3. More memory: Pretty self-explained. More memory would mean more of a good thing. I can understand why this variable would not want to be exploded in size for stability reasons, but bigger buffers will naturally scale the performance.
4. Edit memories: It would be convenient to edit each stored memory and change it however one pleases.
5. More explicit, imperative blacklists: If there are certain things I explicitly do not want ChatGPT to remember, it would be nice to be able to declare them in one central location and pin them for future reference. The opposite, imperative whitelists that emphasize topics to remember more often, could also be implemented.
6. Functional forgetting/garbage collection: While I can understand the reluctance to implement a potentially complicated feature like this, some prioritization scheme for memories could enhance it. A Hebbian-like “use it or lose it” system could be implemented, where memories that come up less frequently could be down-regulated and eventually dropped, whereas memories that are used frequently could be up-regulated and reinforced. Frequency of usage could be proxy for “relevance to the user.” This could spare the user from having to take on janitorial duties to clean up irrelevant memories as often. If developed to a sufficiently advanced state, who knows what other emergent properties it might unlock in terms of synchronizing the user’s intents with the technology? That said, this would be a tricky feature to get right.
7. Reminders: The flip side of memory is reminding. It would be interesting to see more dynamic memory interactions get developed. The Memory feature could be leveraged to serve the whole user-bot interactive system as a whole. Reminders are one way to do this. Although this feature might be considered swallowed up by OpenAI’s recently released “Tasks” feature, it could be more closely integrated with similar memory functionality to make the responses feel more organic and less explicitly scheduled.

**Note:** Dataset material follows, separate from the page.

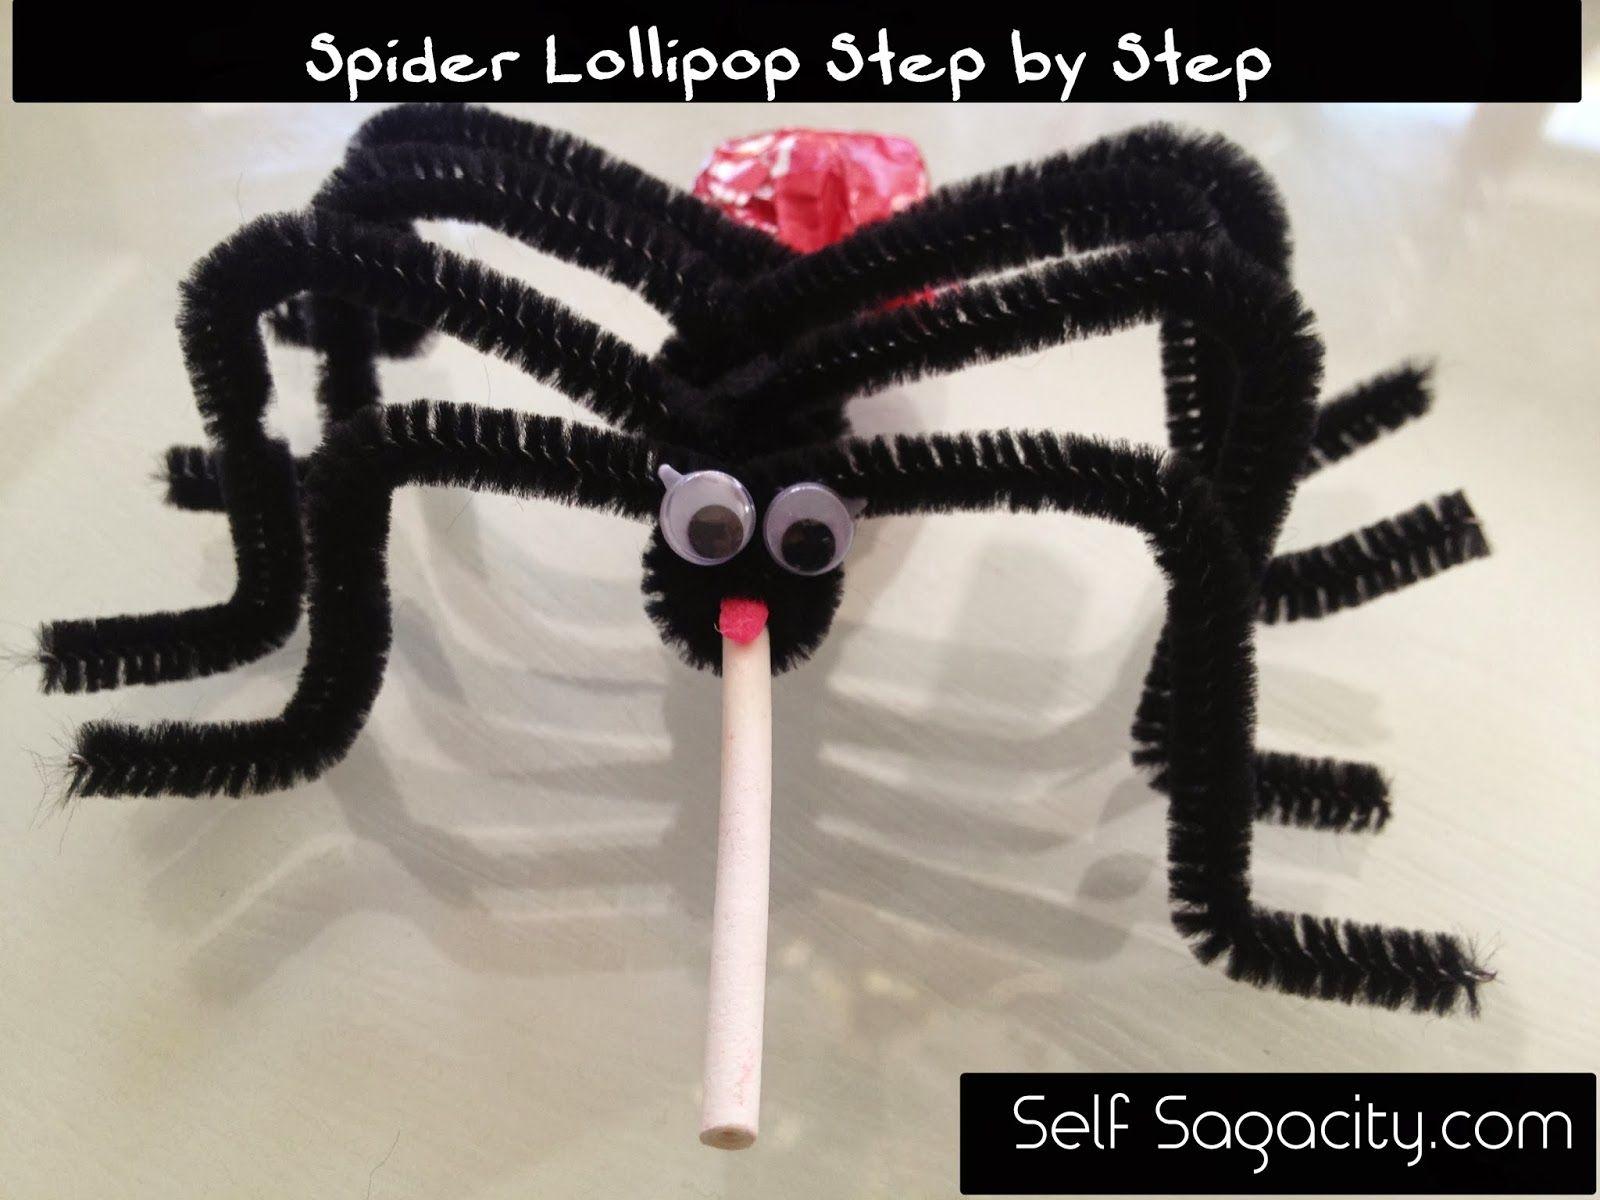 Spider Lollipop Halloween Craft Tutorial - Step by Step for kids.

8. Fine tune memory updates: Getting this just right is no small task. And it’s already technically impressive to get the memories to update the way they do presently. Some kind of salience analysis is required however to preserve both the relevance of the memory updates and the frequency. Real time learning from user feedback might be one way to make this happen.

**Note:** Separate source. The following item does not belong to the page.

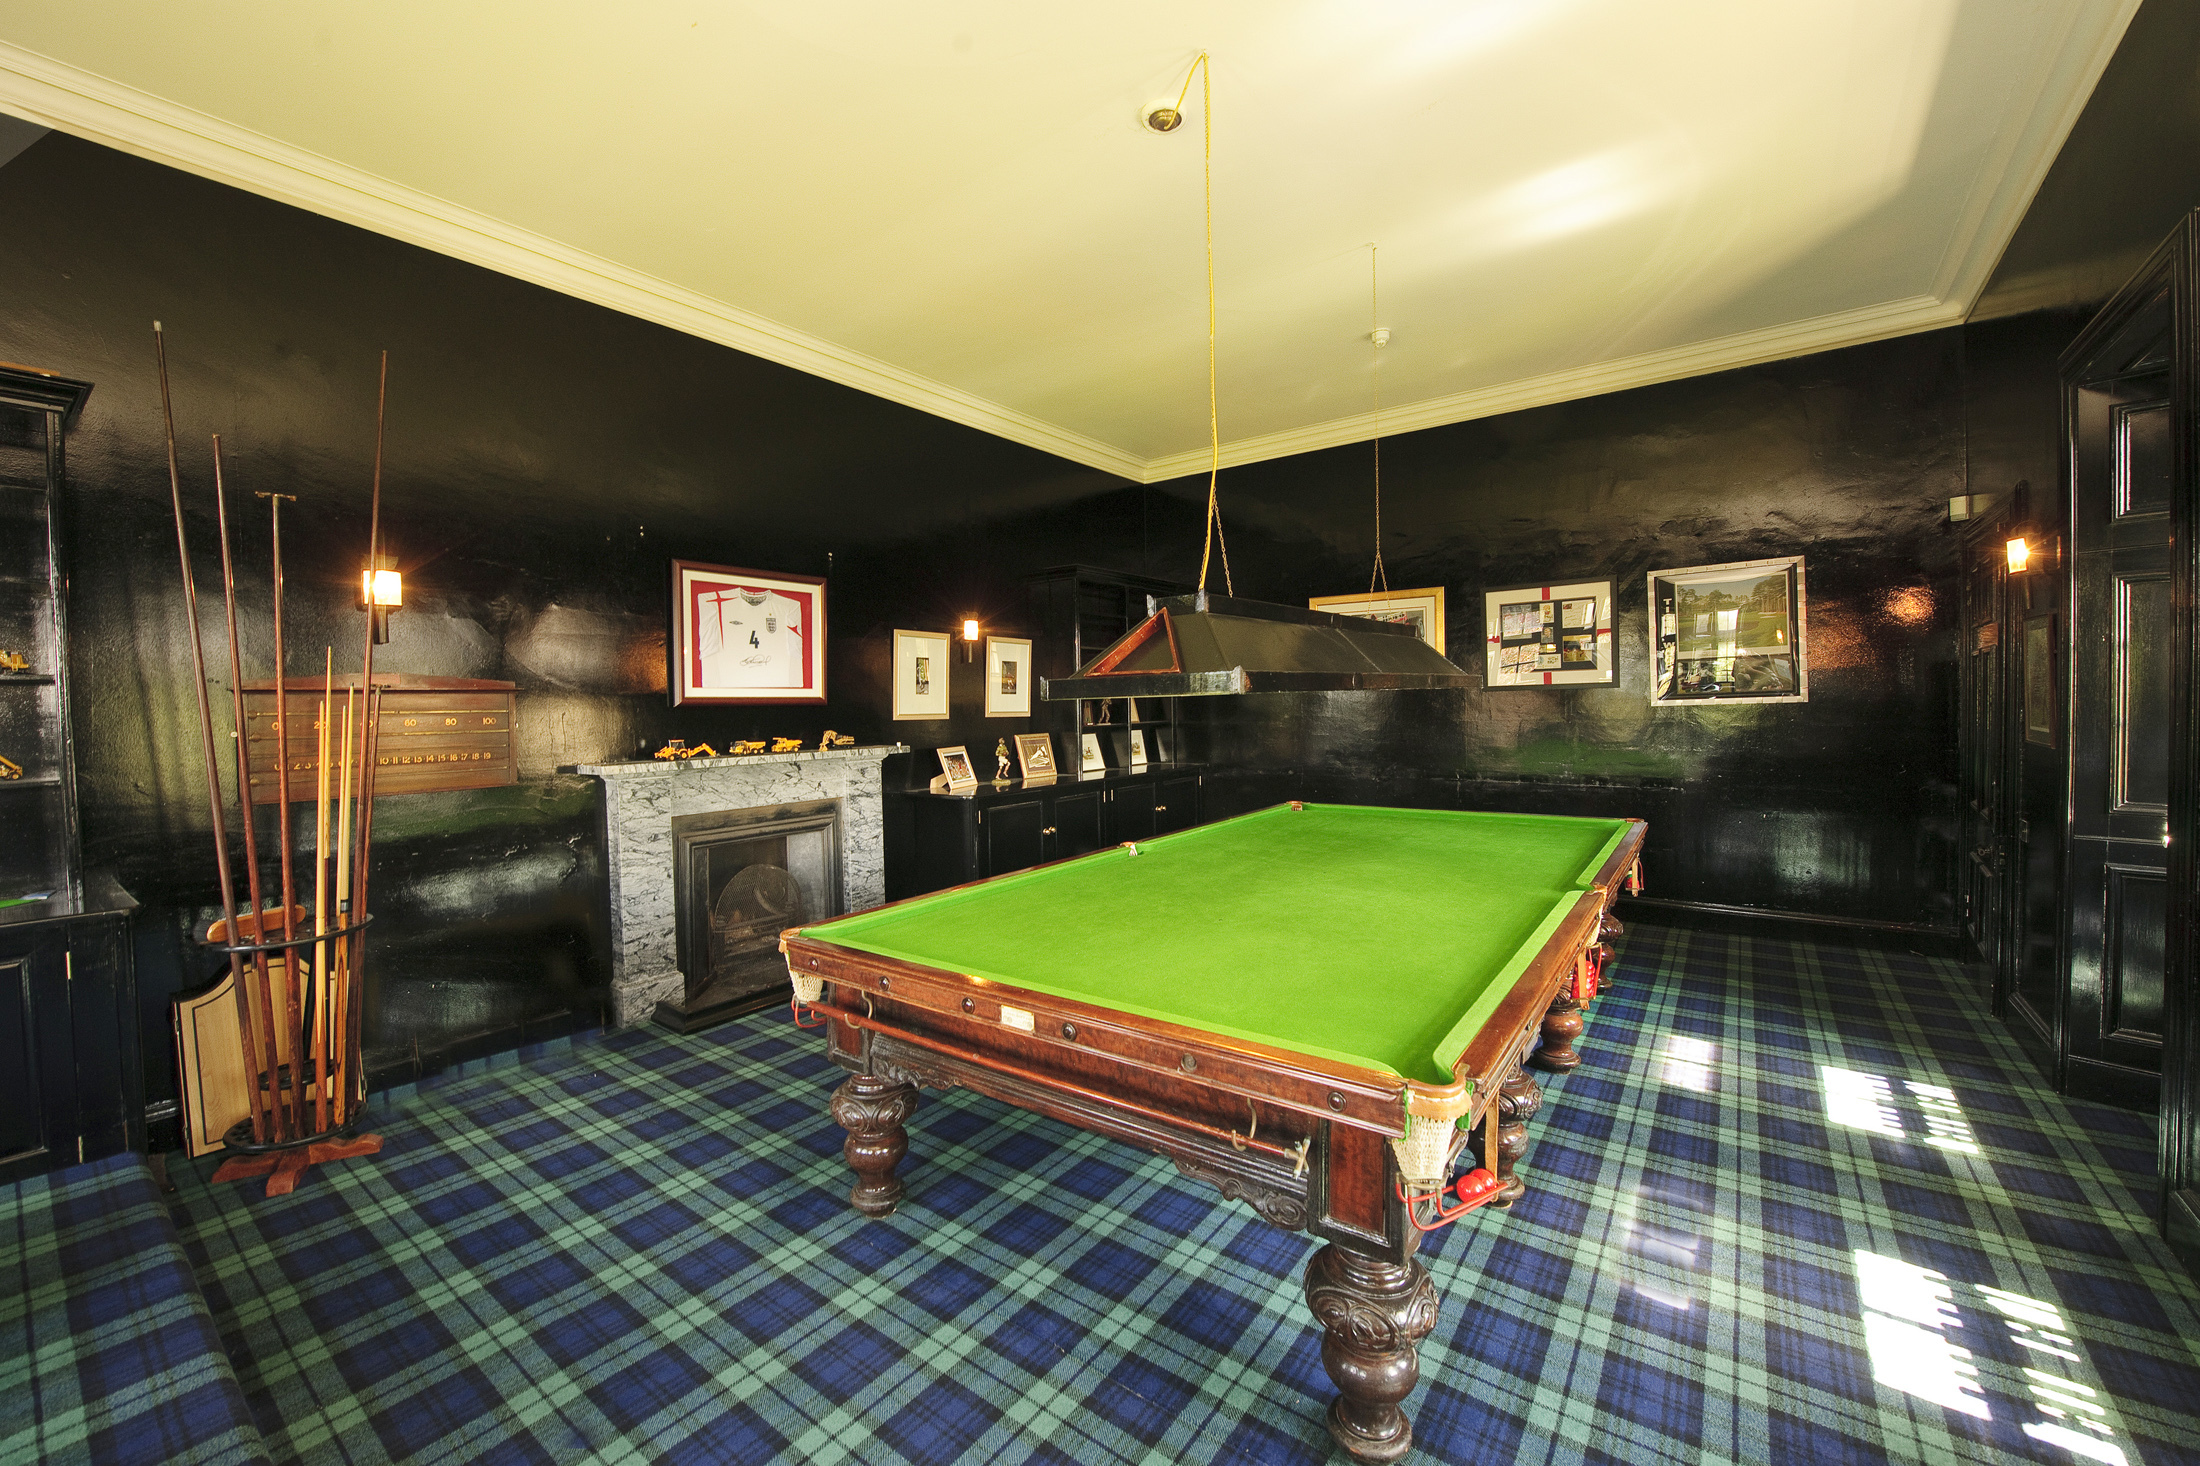 DSC_0912 The Snooker room in main House MEDIUM

9. Hierarchical/associationist memory organization: This one is more speculative and imaginative. I have no clue how Memory is implemented on the backend, but my instinct is that it’s probably simple and flat. The opportunity may exist to build intricate graph-theoretical memory structures to greatly enhance performance. I don’t want to get into details, but one could imagine a tree like structure where small, “atomic” memories are linked to ever larger related memory structures in ways that work with the LLM in a RAG-like situation to really understand the relationships between content and context. Memories would be represented as a network. All of this is to say that a more biologically inspired form of memory built into an LLM could be revolutionary.

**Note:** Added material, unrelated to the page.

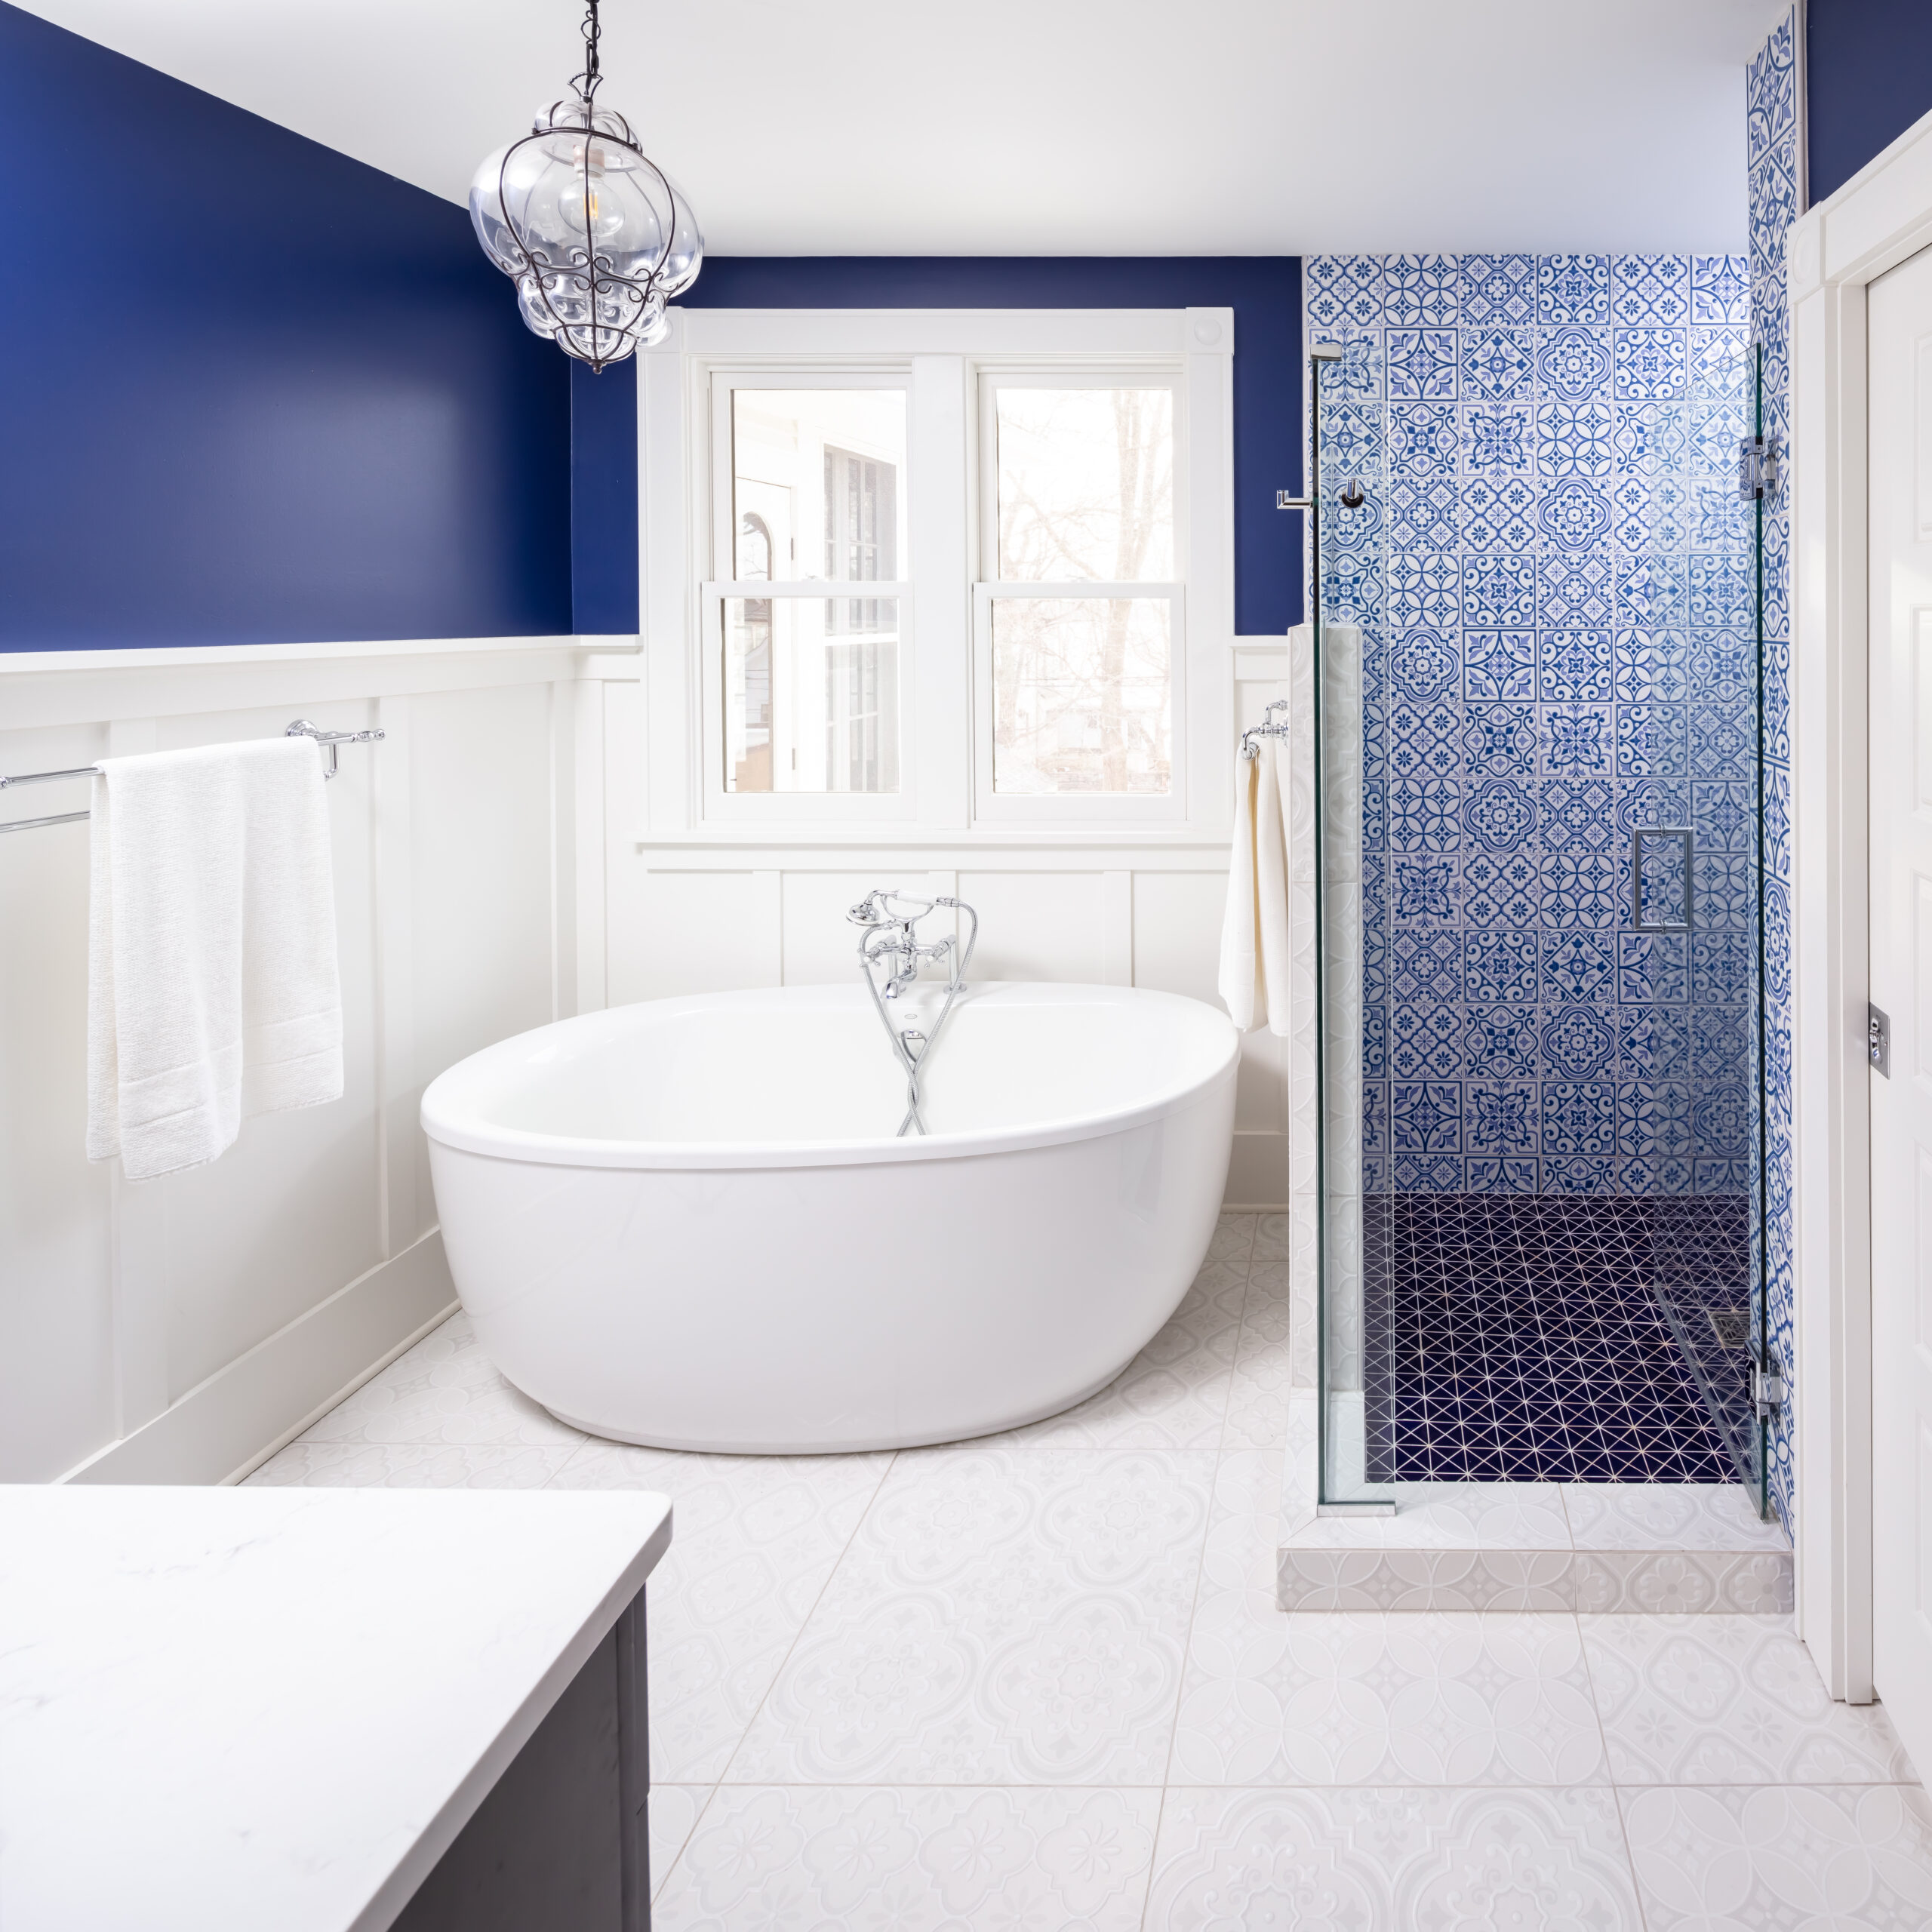 Designer Tips for A Luxurious Bathroom Renovation

These are just a sampling of some ideas about how Memory could be improved or extended. For developers working on generative AI I hope this provides some inspiration. Managing context is all important for generative AI applications. Memory is one way to do it. As an area of R&D, there’s much more to be done to make working with LLMs more fluid and responsive. As with all things generative AI, the surface remains only scratched.